Saturday, March 6, 2010


By Maureen Soso

(MONMOUTH) Monmouth‘s wastewater treatment plant is bringing a change that most residents will never see. Construction on the city’s new economically efficient wastewater treatment plant is coming to an end this month, leaving behind very little evidence of the previous 100 year old decaying system. Thanks to a State Assistance Grant awarded through the EPA, the waste in Monmouth will soon be taking a different route.

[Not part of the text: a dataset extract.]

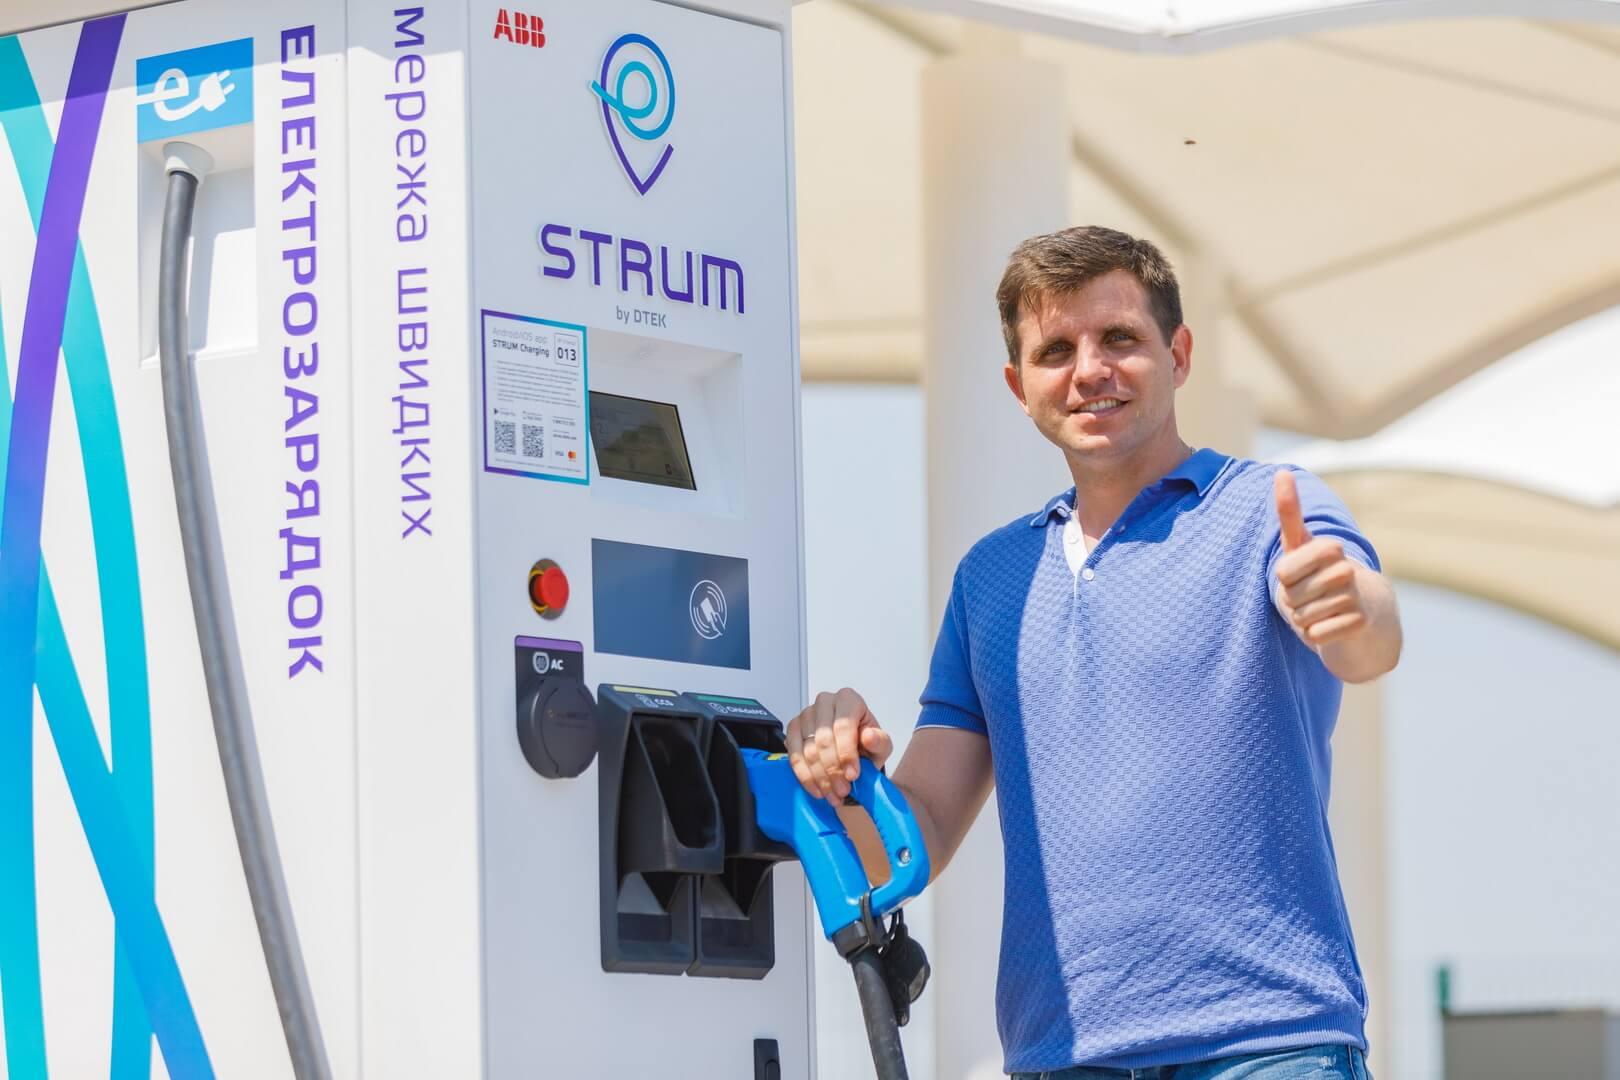 Руководитель сети быстрых зарядных станций STRUM Игорь Ковалев
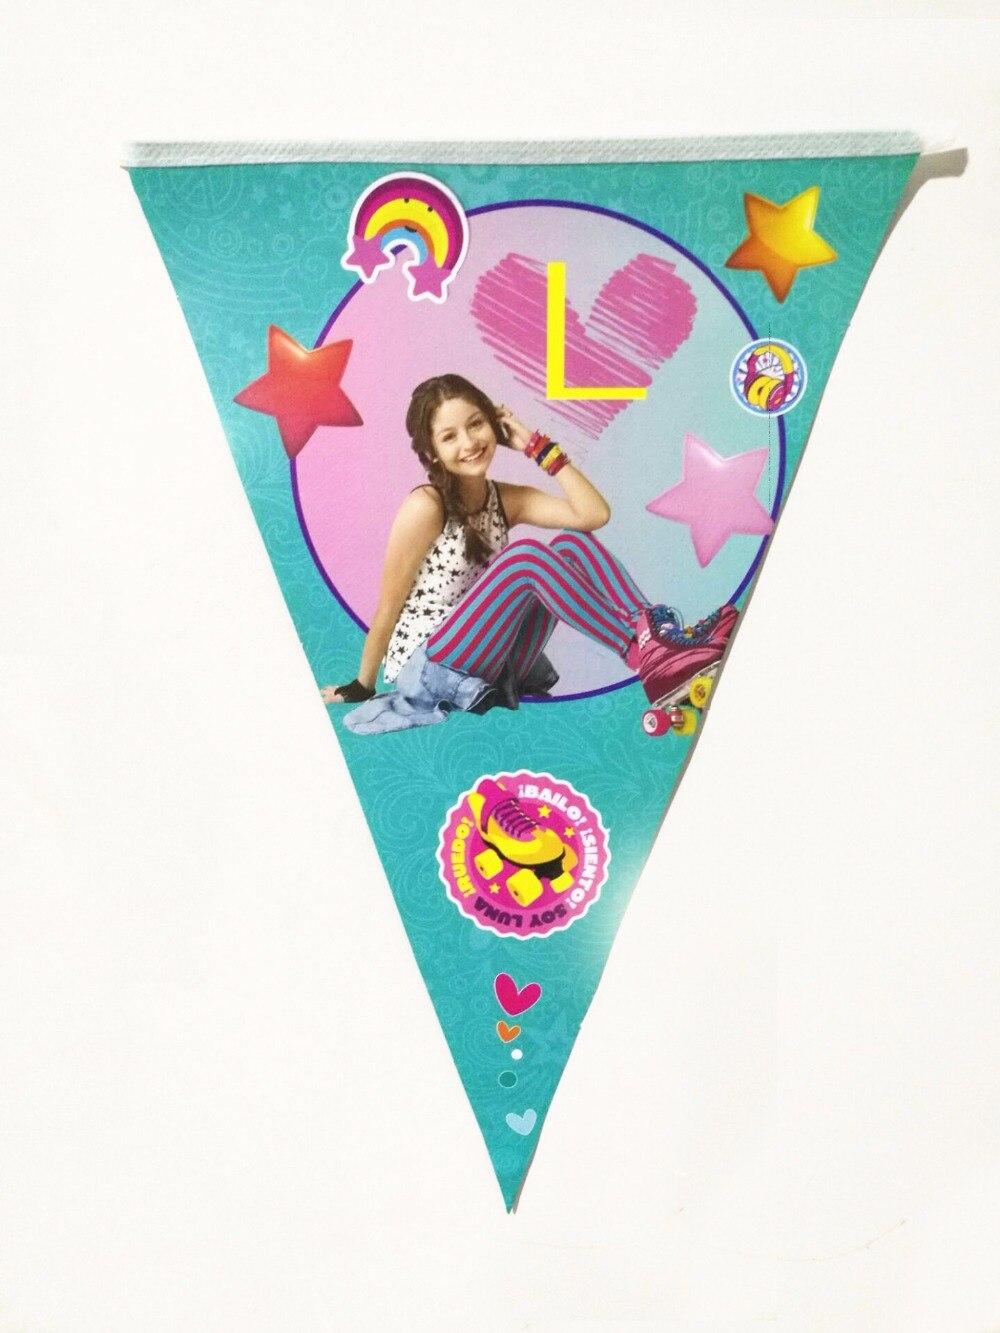 1 компл. соевый Luna бумаги баннер счастливый день рождения флаг Одежда для девочек пользу партии украшение соевый Luna флаг вечеринок

After new regulations passed by the EPA made the previous wastewater treatment plant out of date, reconstruction finally became necessary in 2006. “We had to decide how to invest the money,” says Public Works Director, Andy Jackson. The city faced two options: retrofit the current plant or create an entirely new plant. The city chose the later. The ground breaking took place in October of 2008 and has been underway since.

The EPA has set a completion date for the plant’s construction, but can the city meet the March 27th deadline? Bill Hart, the plant superintendent, gives reaching the deadline an 80-90% chance if the weather holds out. “This 40 degree weather is helping us out, getting all the ice melted out of the pipes,” says Hart. Failure to meet completion by the EPA’s deadline could result in a fine for the new plant, Hart says, “If we’re not done by the end of the month we’ve got to write the EPA and plead our case” Receiving a 90 day extension won’t be anything new; the city received one last December from conflicts due to weather.
Once the plant is completed, the changes for the people of Monmouth won’t be something they can taste or see. According to Jackson, the drinking water will look and taste exactly the same as it does now. The new wastewater treatment plant is located a mile and half out of town, out of sight for most residents.